I'm curious what, if any, the rest of you like for decoration on your walking sticks. I added a little pouch about ankle height for the dog baggies, because I DO pick up after my pet, but I don't like strolling around with it in my hand. I stuck on a couple random lapel pins that were laying around. Haven't done it yet, but I'm going to add a set of ranger pace counting beads. They're a souvenir from my army days and used for measuring distance while walking so seems appropriate.

I have a few other ideas I think would be interesting, but I don't want to get to that point where theres too much bling and its just ridiculous. I'll probably use my ideas, but spread them out over several different sticks.
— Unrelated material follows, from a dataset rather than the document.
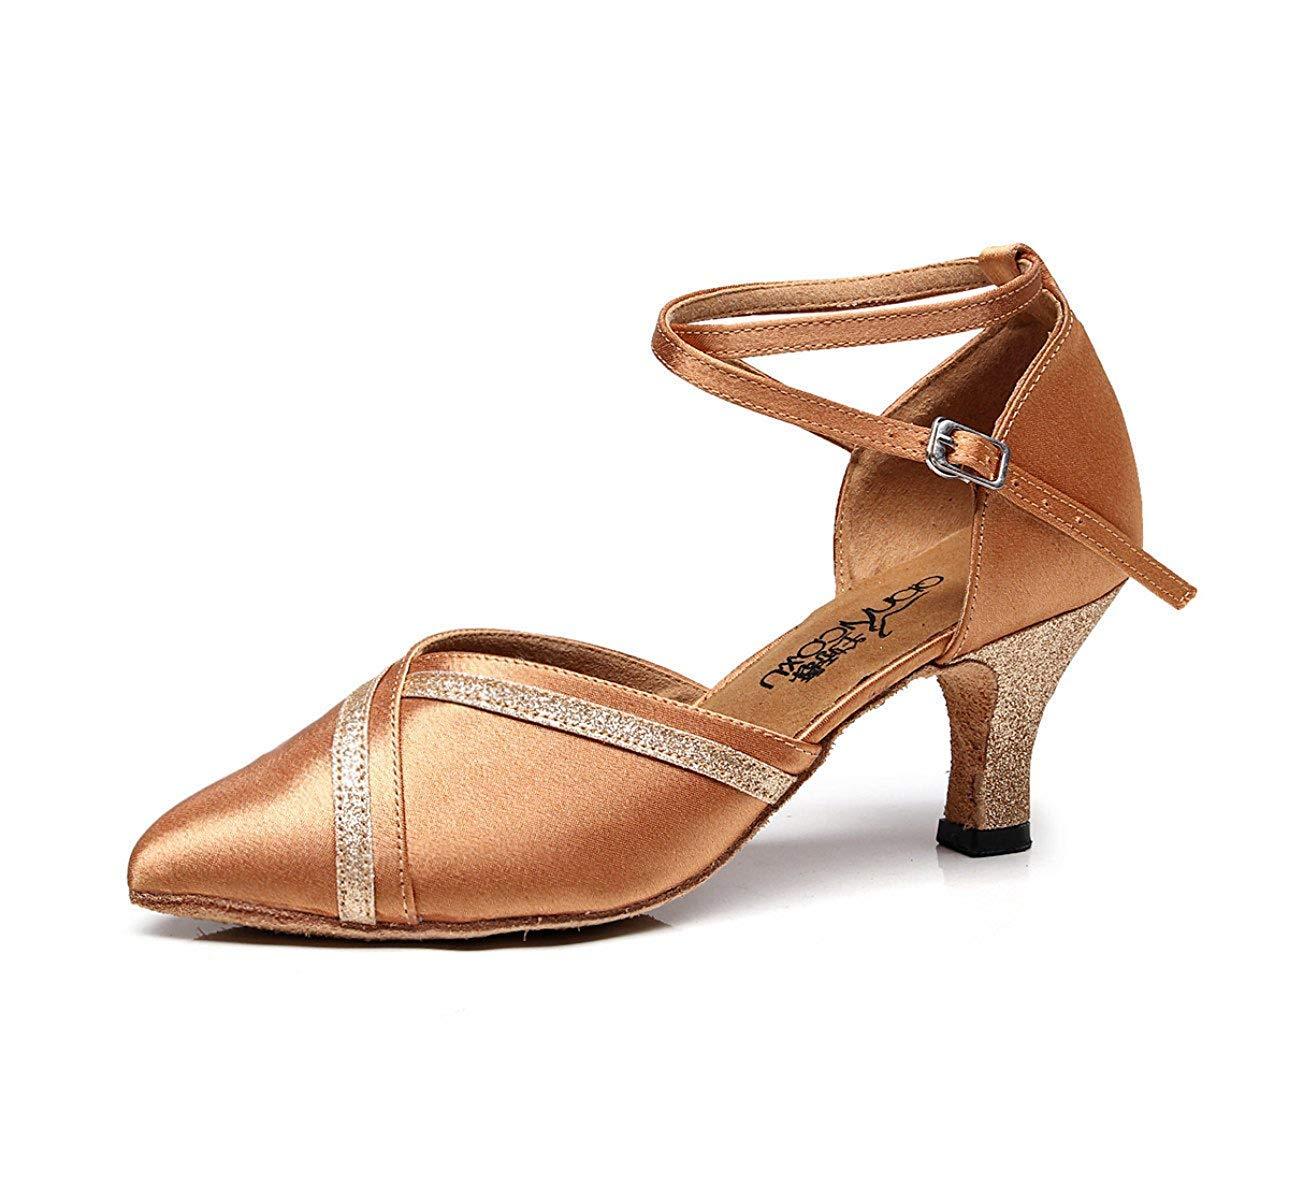 Latin Dance Schuhe für Damen Salsa Tango Chacha Samba Modern Jazz Schuhe Sandalen High Heels B-Absatz7.5cm-DE3   EU33   Our34

Curious what you are using for decoration, if any. And how much is too much. I don't want to go overboard with it (if I haven't already).

Thanks


----------



## Rad (Feb 19, 2013)

I've added Hiking pins before -- and of course the topper can be bling in and of itself! I've embeded an Irish coin in one of my Shillelagh's; there is no end to the possiblilities!


----------



## MJC4 (Mar 6, 2014)

I have used feathers and beads on the wrist strap, though not so much since I started carving the top or shaft. As RAD said the possibilities are endless. One retired Marine on this site attached a dud hand grenade to the top of a stick!


----------



## yaxley (Sep 4, 2014)

I've added various items, gemstones, military medals, medallions, arrow heads, feathers, shells, and yes, ranger beads.


----------